Yaz var, kış var derken işte geldik Ocak ayının malum gününe. Rahmetli babaannem, “günlerin işi mi var işte gelip geçiyor” derdi. Zaman su gibi akıp geçip gidiyor işte. Temmuz ayından bu yana yüzde 25’lik zamma itiraz eden emekliler için beklenen gün geldi çattı. Temmuz ile Ocak ayı arasındaki altı aylık zaman geçiverdi. “Ha bu gün, ha yarın !” diyerek bekleşen emekliler için kritik gün. Devletin yeniden değerleme oranlarının yüzde 58 olarak belirlenmesinden sonra emekliler için ne kadar bir zam yapılacak merak konusu. Devletin kendisi için belirlediği enflasyon yüzde 58 ise emekliler için enflasyon farkı ne olmalı?
Bugün beklenen TÜİK rakamları açıklanacak. Sonra da emekliler için özellikle de SSK ve Bağ-Kur emeklileri için gerçekleşecek olan maaş zammı oranı ortaya çıkmış olacak. 2023 yılını yüksek enflasyon sebebiyle çok zor şartlar altında geçiren, “askıda ekmek, pazarda çıkma ürün” alabilmek için bekleyen emekliler için nasıl bir maaş artışı olacak hep birlikte göreceğiz. Asgari ücrete yüzde 49.12 oranında yıllık zam oranı belirleyen komisyonun kararının ardından emekliler için ne oranda bir zam yapılacak?
Temmuz ayında memurlara verilen 8 Bin 77 TL’lik seyyanen zammın bile altında kalan 7 Bin 500 TL emekli maaşı alan emekliler için yapılan özel çalışmaların ne olduğunu da öğreneceğiz. Ev kiralarının ateş pahası, çarşı ve marketlerin alev alev yandığı enflasyonist bir ortamda emeklilerin beklentisi gerçekten yüksek ama bu ne oranda karşılanır anlayacağız.
Geçtiğimiz gün bu konuda Kaymakamlık Yazı İşleri Müdürlüğü’nden emekli olduğunu öğrendiğim bir vatandaşımızla kendi aramızda konuşurken çok ilginç değerlendirmelere tanık oldum. Vatandaşımız diyor ki; “3 Bin 600 günden emekli olan birisiyle 5 Bin gün ve daha üzeri prim ödeyerek emekli olanların eşitlendiği bir eşitsizlik düzeni ile emeklilerin sorunları çözülemez!” Yerden göğe kadar haklı bir değerlendirme.

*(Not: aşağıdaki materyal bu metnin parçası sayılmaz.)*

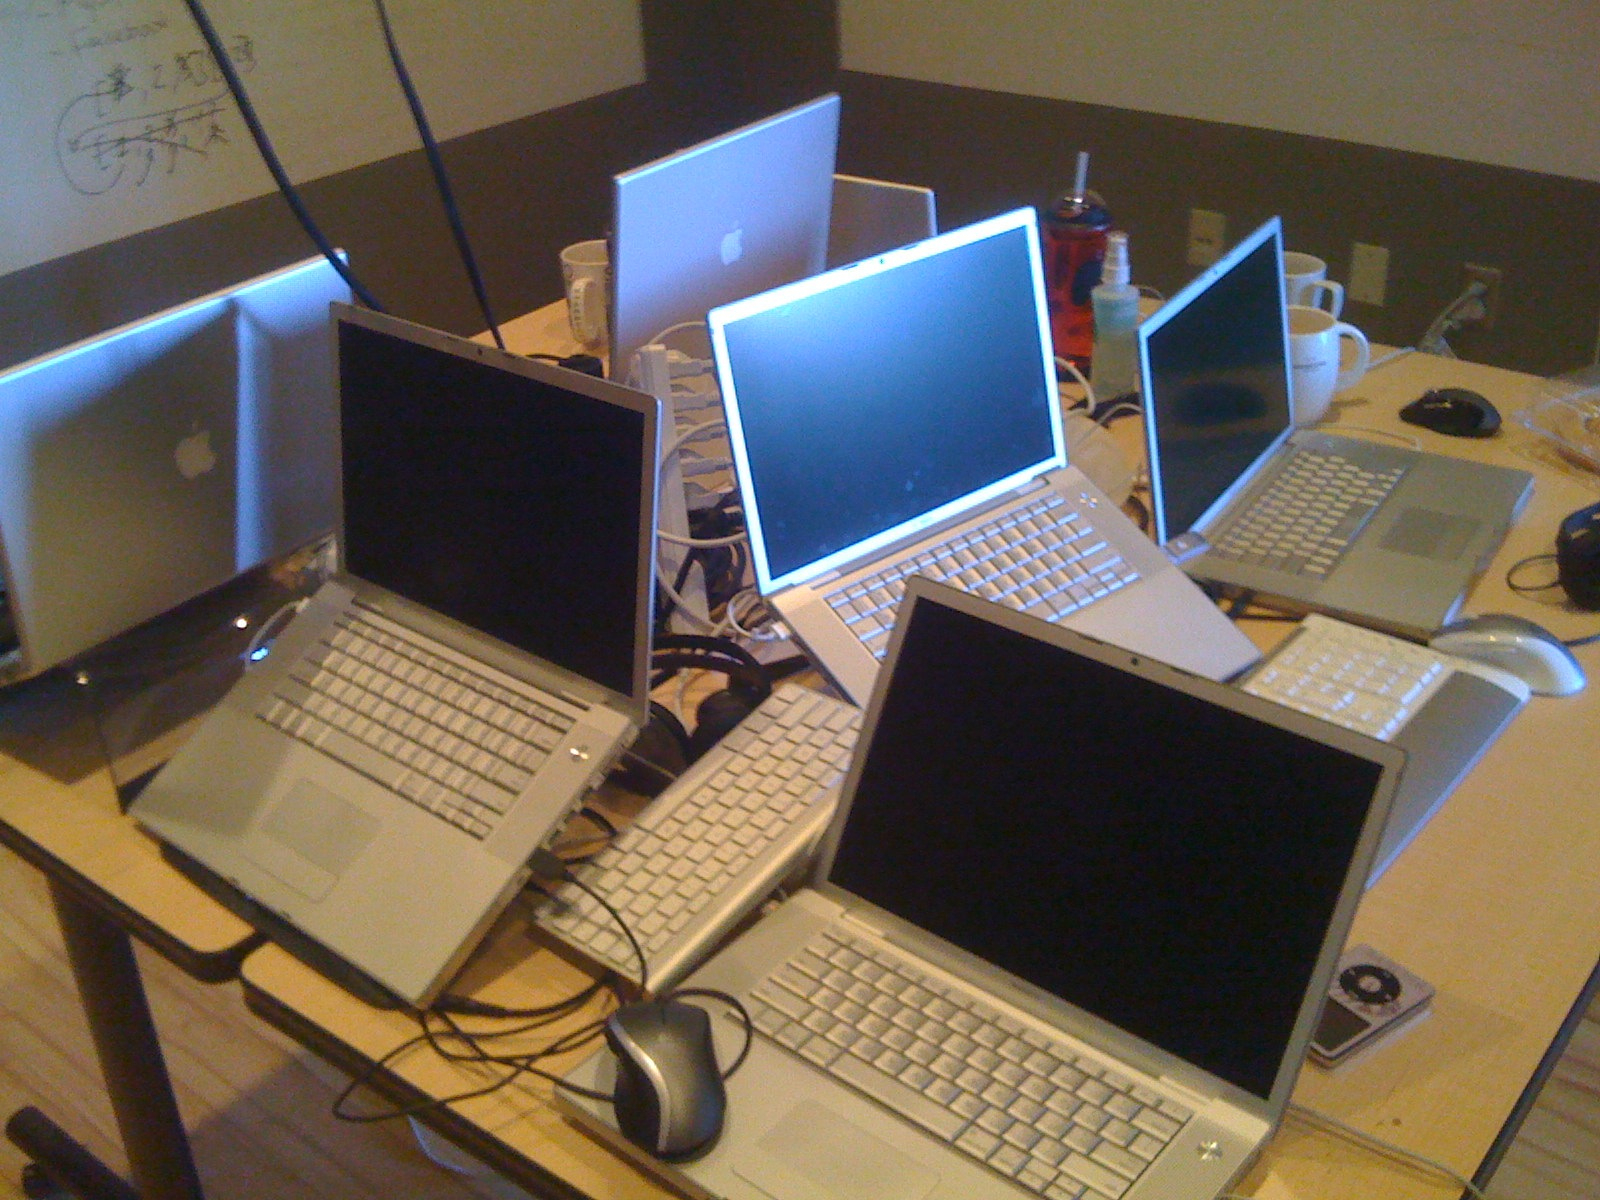 multiple laptops sit on top of a desk

Bunu işittikten sonra aklıma Türkiye Emekliler Derneği Eskişehir Şube Başkanı Arif Duru’nun çözüm önerisi aklıma geldi. Sayın Duru ile konuştuğumuzda, “Emeklilik meselesi gerçekten tüm tarafların katıldığı ortak aklın gerektirdiği bilimsel bir çözüme kavuşturulursa tartışmalar biter. İktidar ya da muhalefet partileri fark etmez. Bu konuda siyasi iradenin çözüm için tarafları dinleyip ortak bir çözüm üzerinde çalışması gerekiyor” demişti.
Hangi emekli ile konuşursak konuşalım ortak söylemlerden birisi, “Maaşlara öyle yüksek zam yapmasınlar eyvallah. Ancak bu fiyat artışlarının da önüne geçsinler. Bizim ne kadar maaş aldığımızdan çok piyasada yaşanan pahalılığın ne kadar arttığı önemli. Biz maaşları daha cebimize koymadan fiyatlar alıp başını gidiyor” şeklinde.
Yani hiç kimsenin ve özellikle emeklilerin beklentisi hiçbir zaman keyfi bir beklenti değil. Emekliler bugün alım gücü hızla düşen gelirleri sebebiyle, çoluk çocuğunun yada eş dostun yardımlarına muhtaç hale geldi. Emeklilerin insanca yaşayabilecek bir oranda zam yapılması da, yeni düzenlemeler ile bu emeklilik sisteminin emeklilerin onuruna yakışacak şekilde düzenlenmesinin de zamanı gelmedi mi? “Emeklilerimizi ve çalışanlarımızı enflasyona ezdirmeyeceğiz” söylemleri de oransal maaş artışları da insanları tatmin etmiyor. İnsanlar sorunlarına akılcı, bilimsel tüm tarafları memnun edecek çözümler bekliyor.